Monsignor Romero and Martyrdom
March 19, 2014
Pastor Miguel Tomás Castro shares this reflection he provided to the magazine “Sentir con el Pueblo” in autumn of 2013. Pastor Miguel is general pastor at Emmanuel Baptist Church in San Jacinto, San Salvador. Emmanuel Baptist is one of the few Salvadoran Protestant churches that continues to keep alive the memory of Monsignor Romero and his prophetic voice, referring frequently to his teachings to illustrate the Gospel.
Reflecting on the martyrdom of Monsignor Romero may seem a very simple and easy thing, but it’s not. It’s not easy, simply because the concept of martyrdom in Monsignor Romero is not a theological concept, nor a philosophical idea. It is the concept of a Pastor and a Prophet, who assumed faith with a clarity regarding its implications in reality and in history.

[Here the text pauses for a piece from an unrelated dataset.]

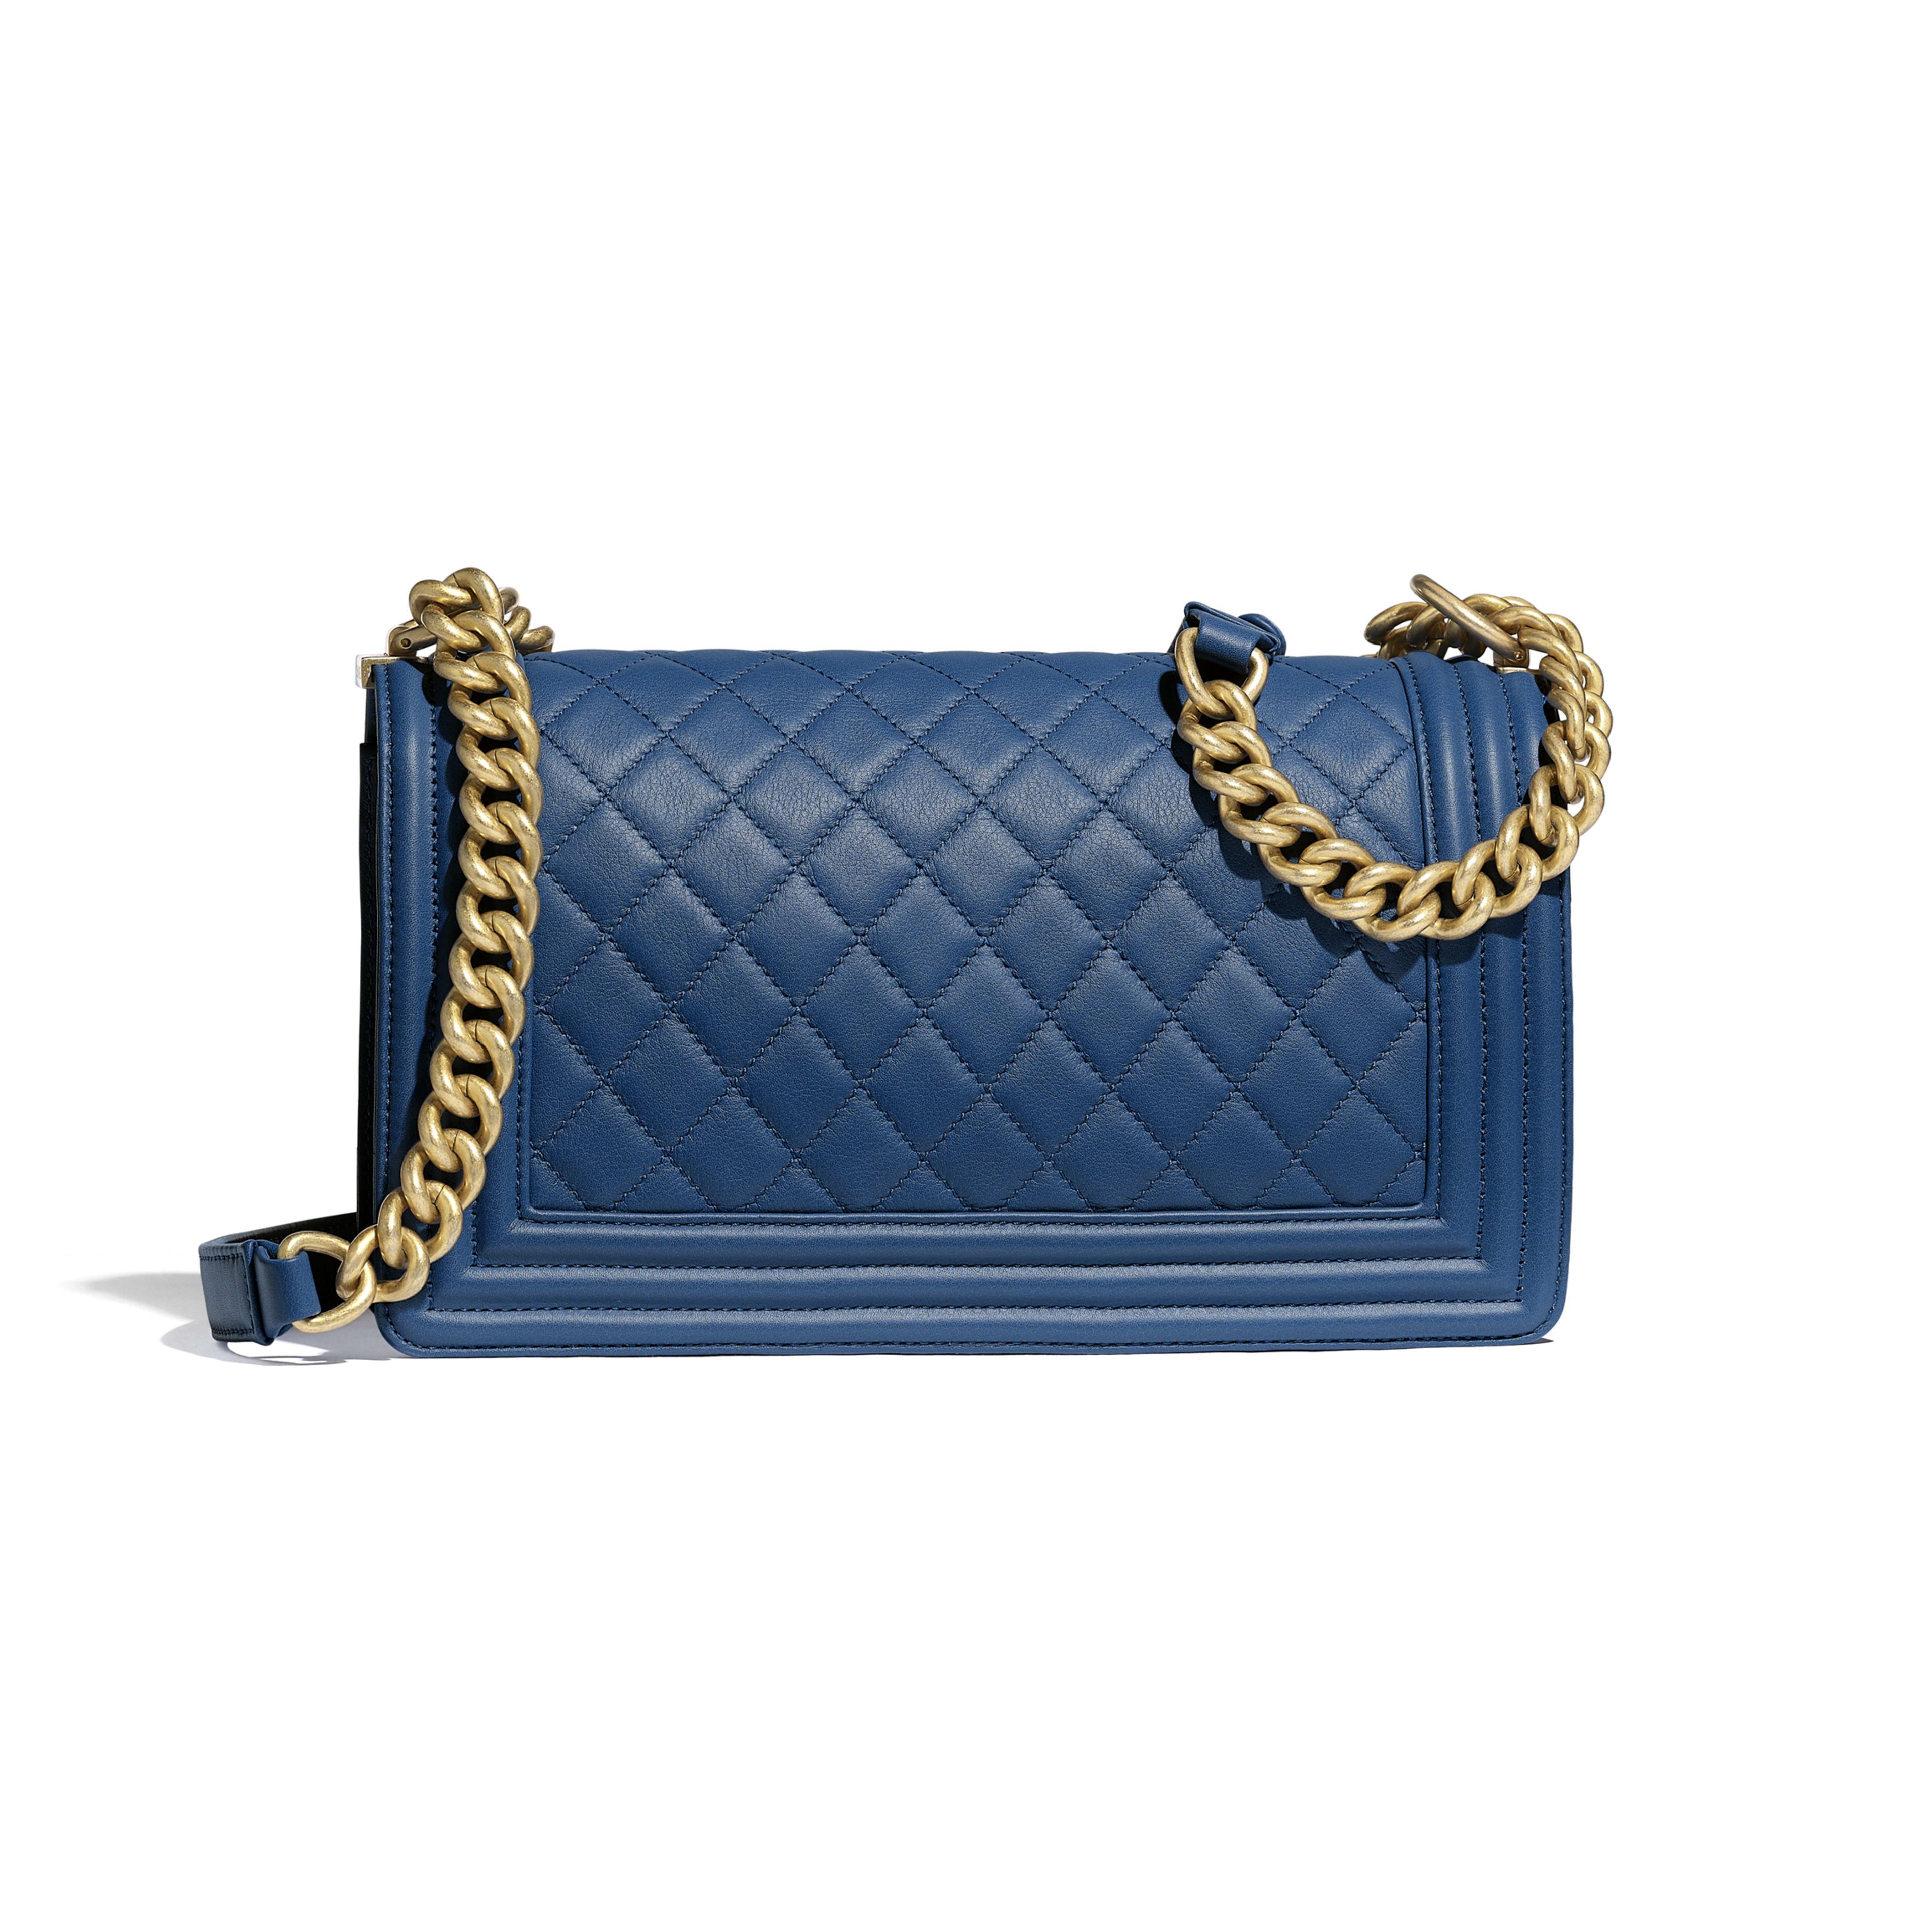 BOY CHANEL Handbag - Dark Blue - Calfskin & Gold-Tone Metal - Alternative view - see full sized version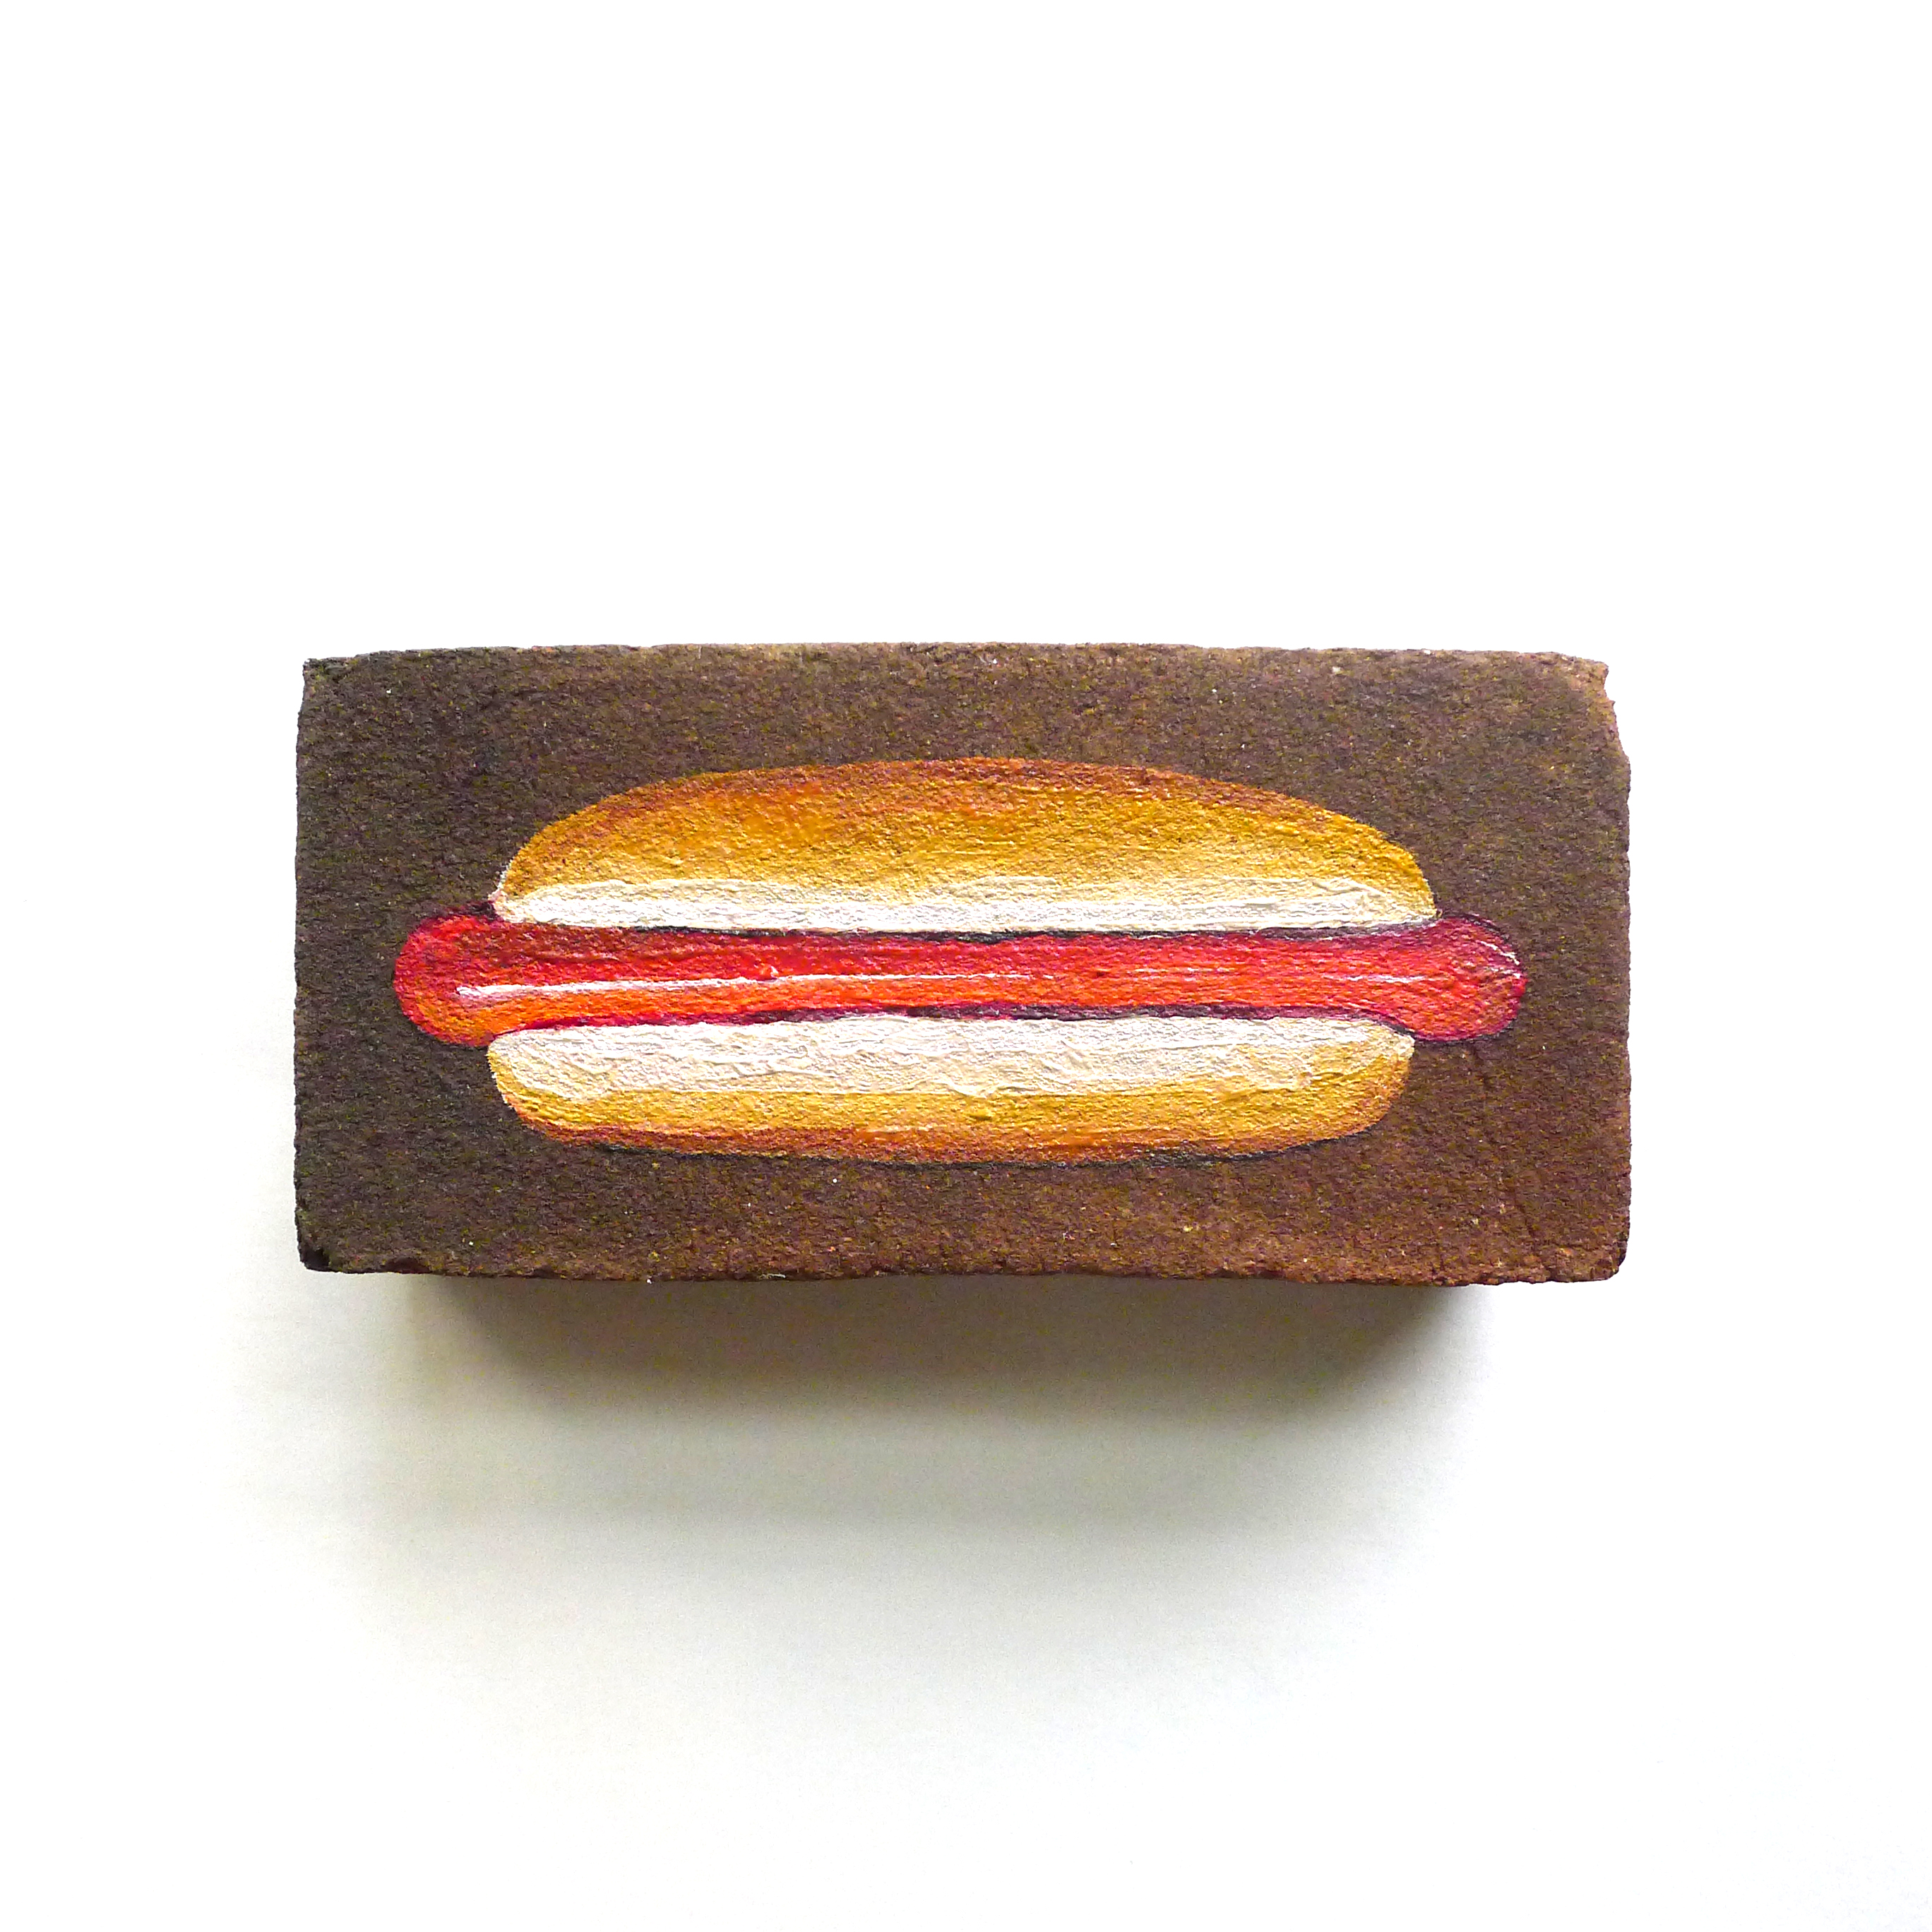 Brick by Brick #2

In his homily from July 24, 1977, he tells us: “The Church cannot keep silent before these economic, political and social injustices. If the Church didn’t speak it would be an accomplice of marginalization, of an unhealthy and sinful conformity … “
In this sense, now that we want to rescue the tradition of martyrdom, we want to do it in the same spirit as Monsignor Romero, in his spirituality that encouraged him and illuminated him in his prophetic ministry. This is clear in his homily from August 14, 1977, when Monsignor Romero says: “The prophet has to disturb society when they are not acting in accordance with God.” There is deep wisdom in his words, because when a Christian assumes his or her faith responsibly, living out one’s faith not just intimately, but also living it out in all dimensions of relationships, be they human, political, social, or economic relationships, faith is itself an outcry against injustice, an outcry that calls out the reality behind God’s back, and converts to God. Faith converts to the justice of God.
From this conscience, Monsignor Romero was capable of saying: “Sisters and Brothers, on the occasion of my birthday, I have been able to understand once again that my life does not belong to me. Instead, it belongs to you,” from his Homily on August 21, 1977.
It is this clarity of faith that made Monsignor Romero not just a consistent Christian, but a pastor, a prophet consistent with and faithful to God, always seeking His justice among us.